▸ **What to do**: Each line from the one containing "Купальник-шорты, с коротким" to the end of the data must be copied exactly, the first and last included; no other lines and no pictures belong in the copy.

▸ **Collected data**:
● ● ● ●
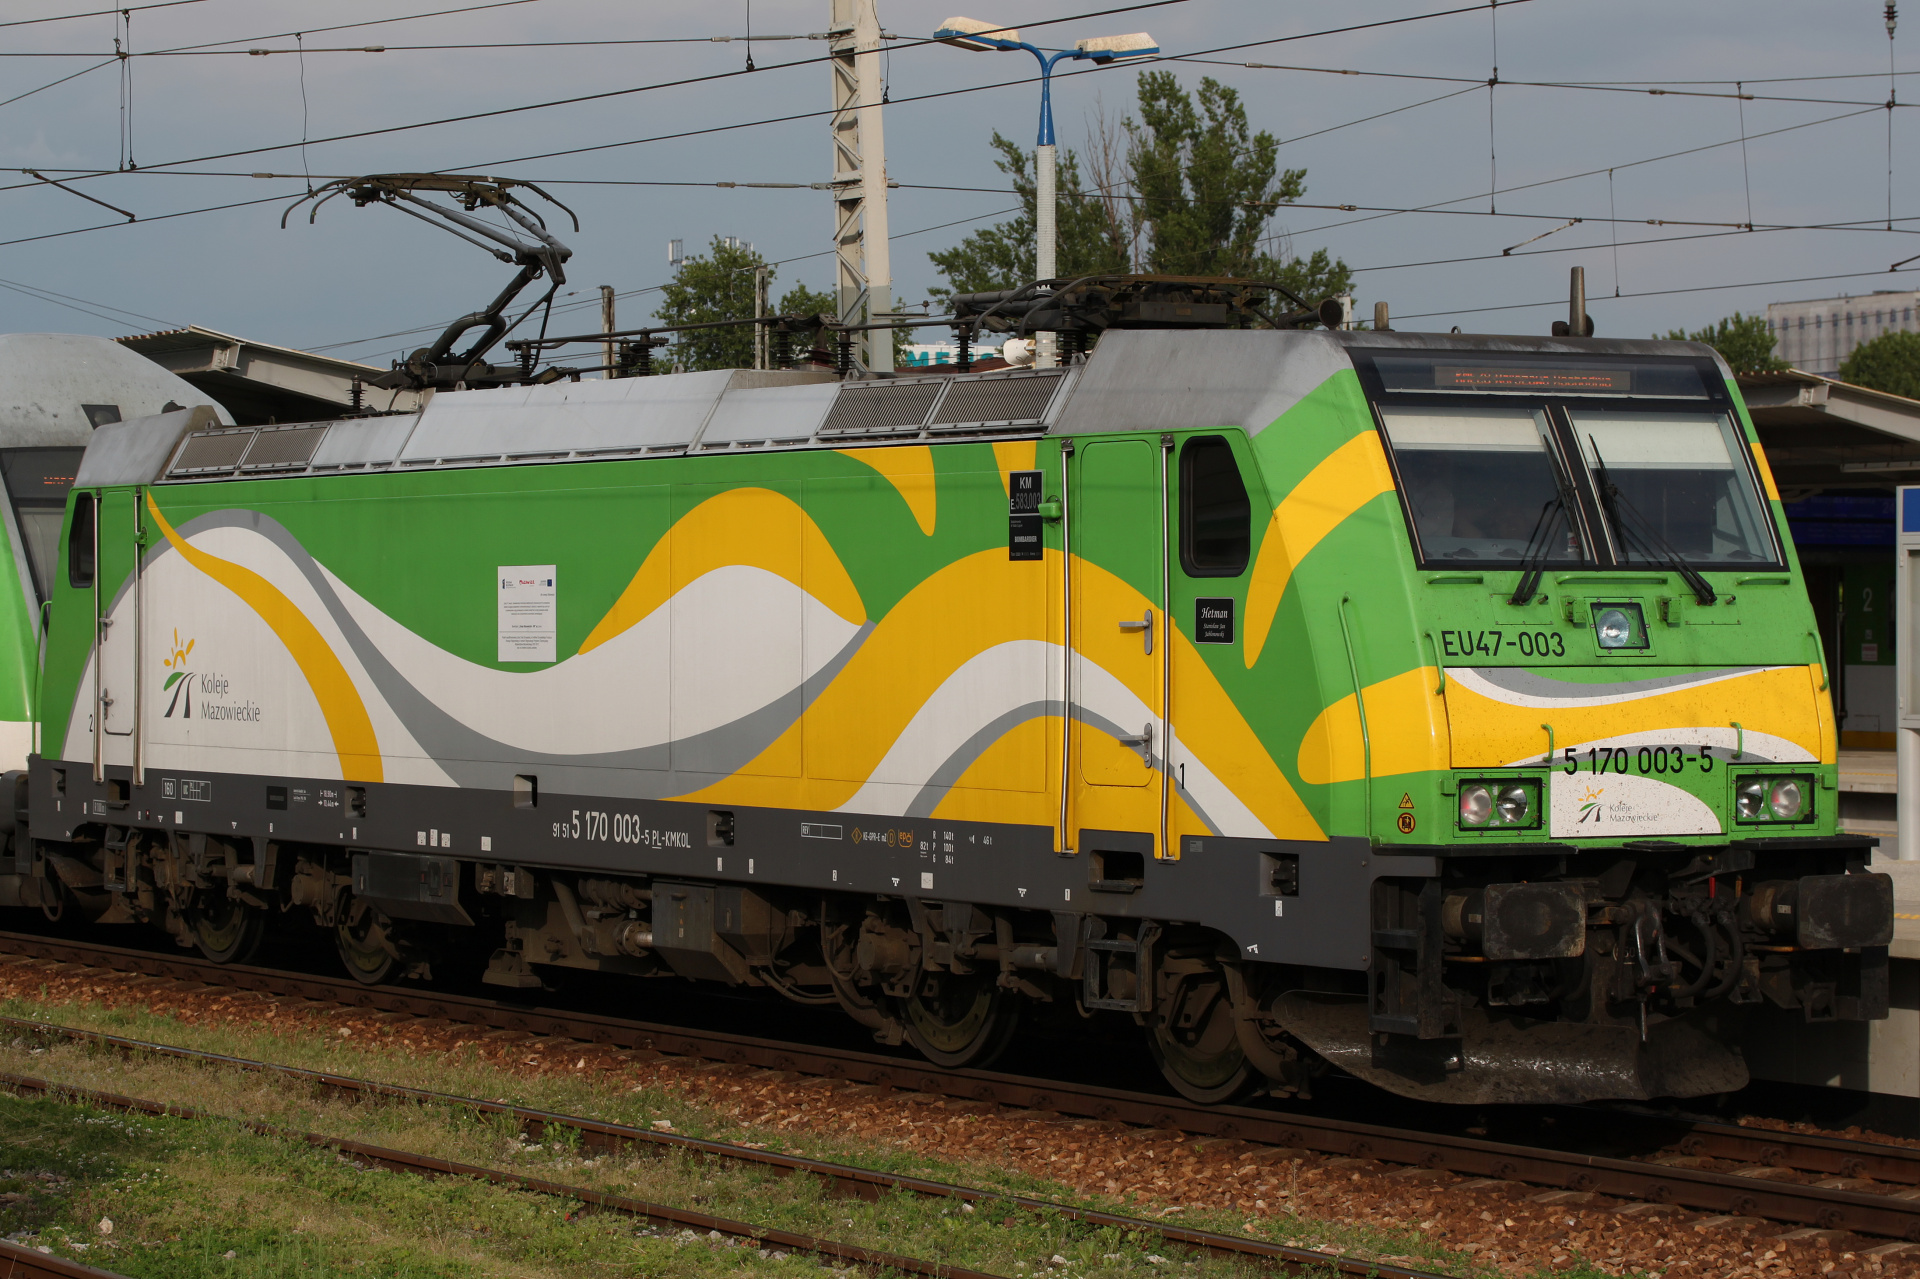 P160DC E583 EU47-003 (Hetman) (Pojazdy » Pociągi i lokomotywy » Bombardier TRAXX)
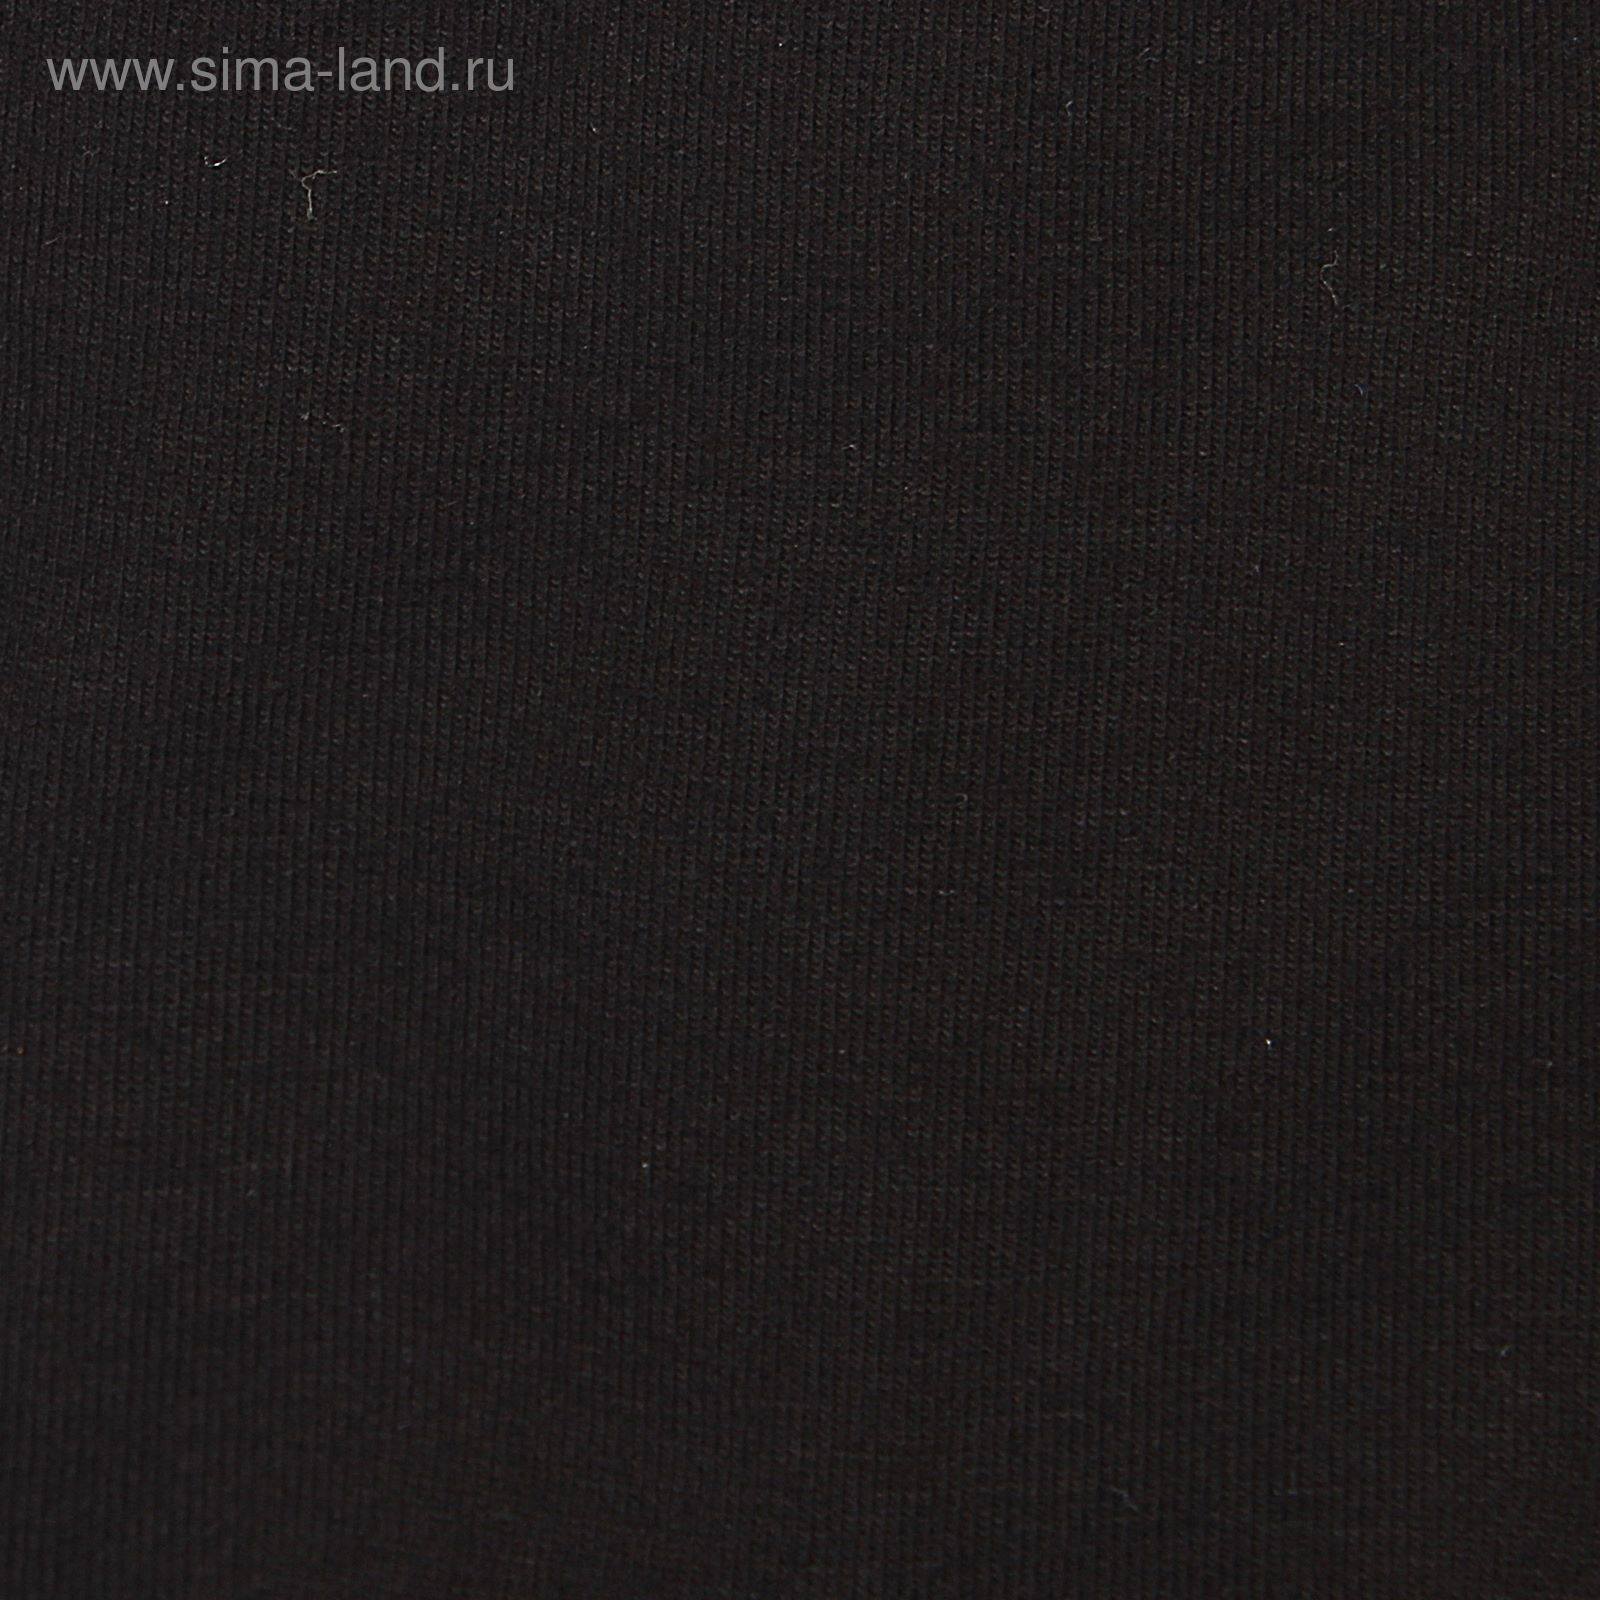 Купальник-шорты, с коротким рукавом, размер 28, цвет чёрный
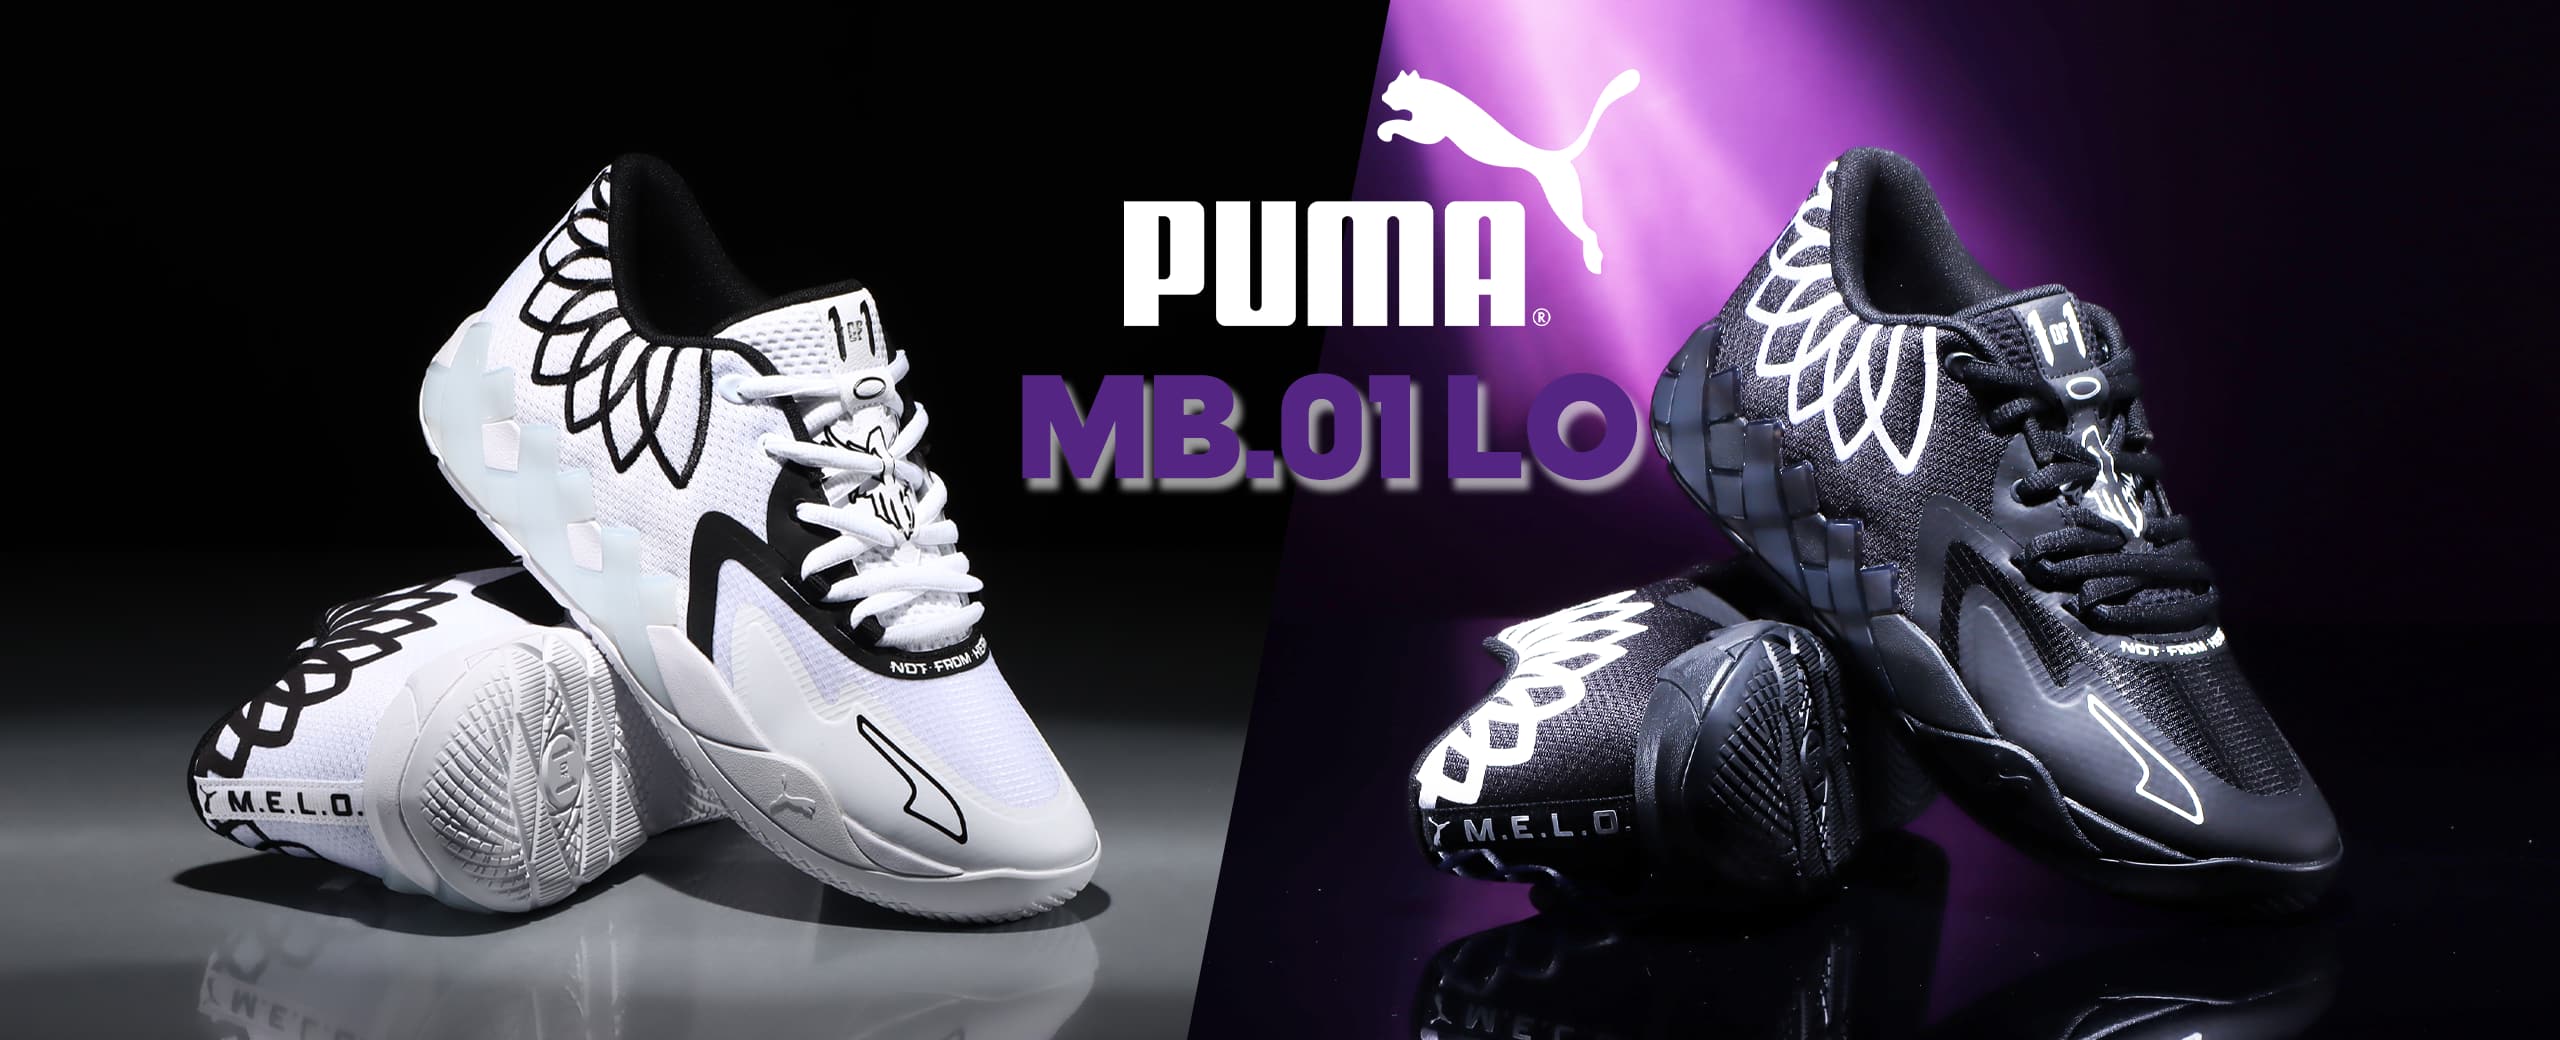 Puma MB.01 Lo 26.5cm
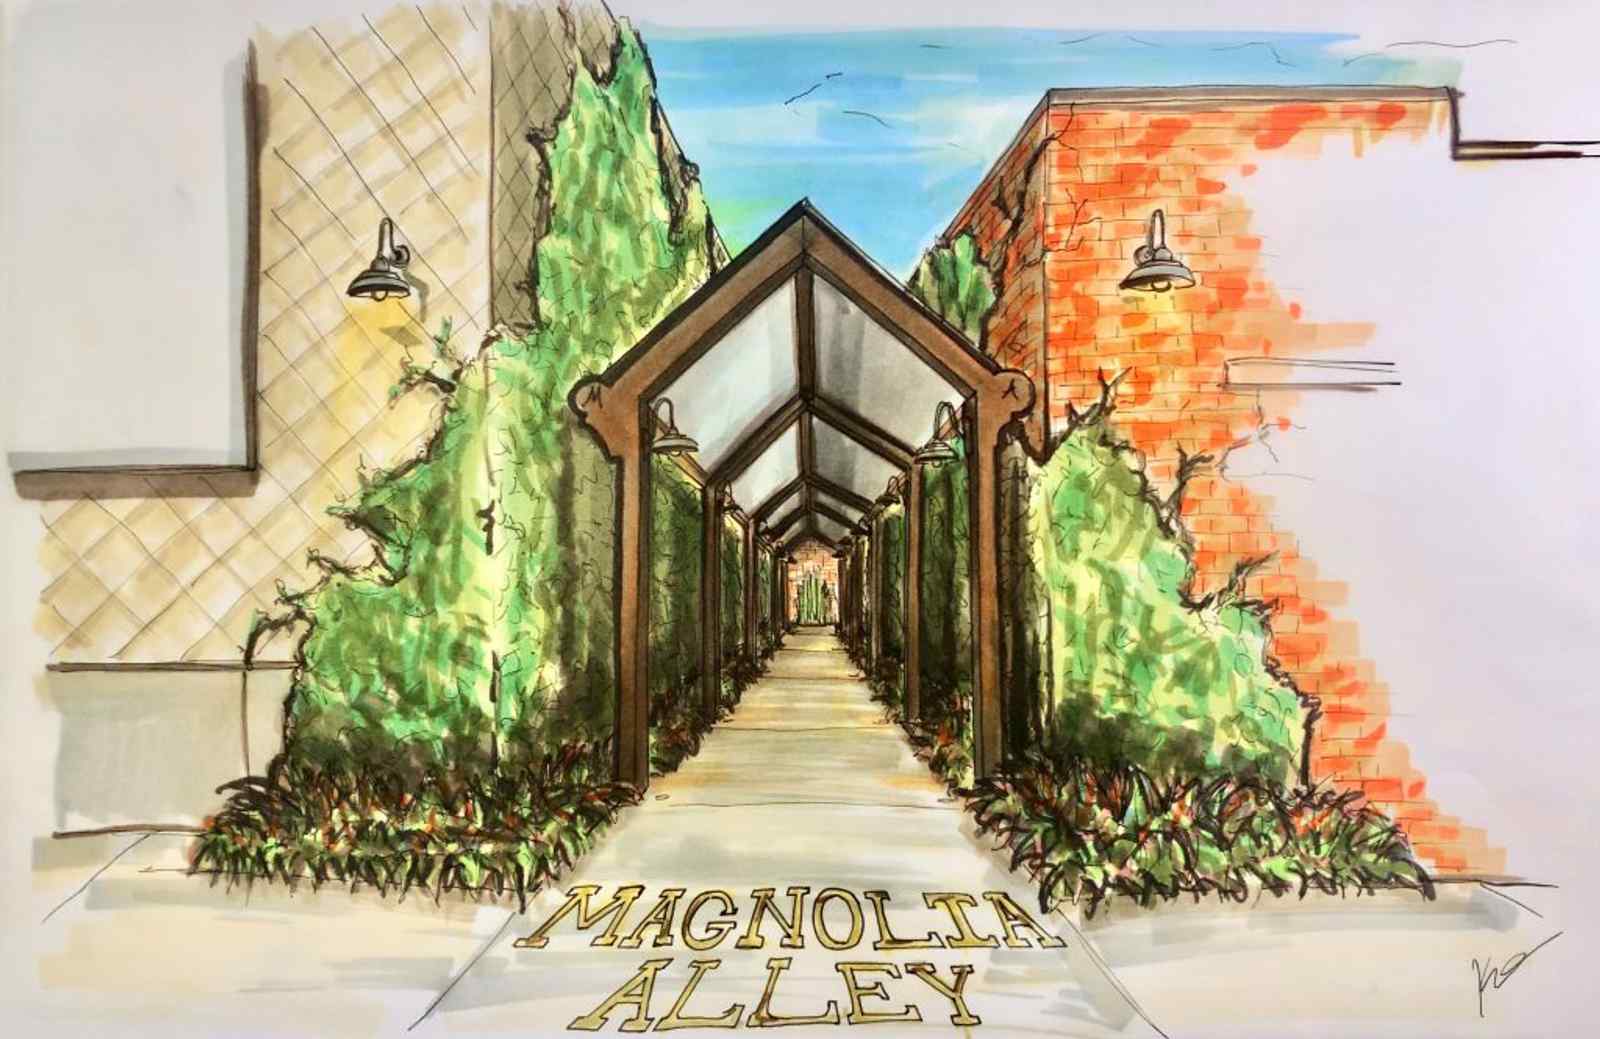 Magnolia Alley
● ● ● ●
▸ **Response box**:
 Купальник-шорты, с коротким рукавом, размер 28, цвет чёрный
 Puma MB.01 Lo 26.5cm
 Magnolia Alley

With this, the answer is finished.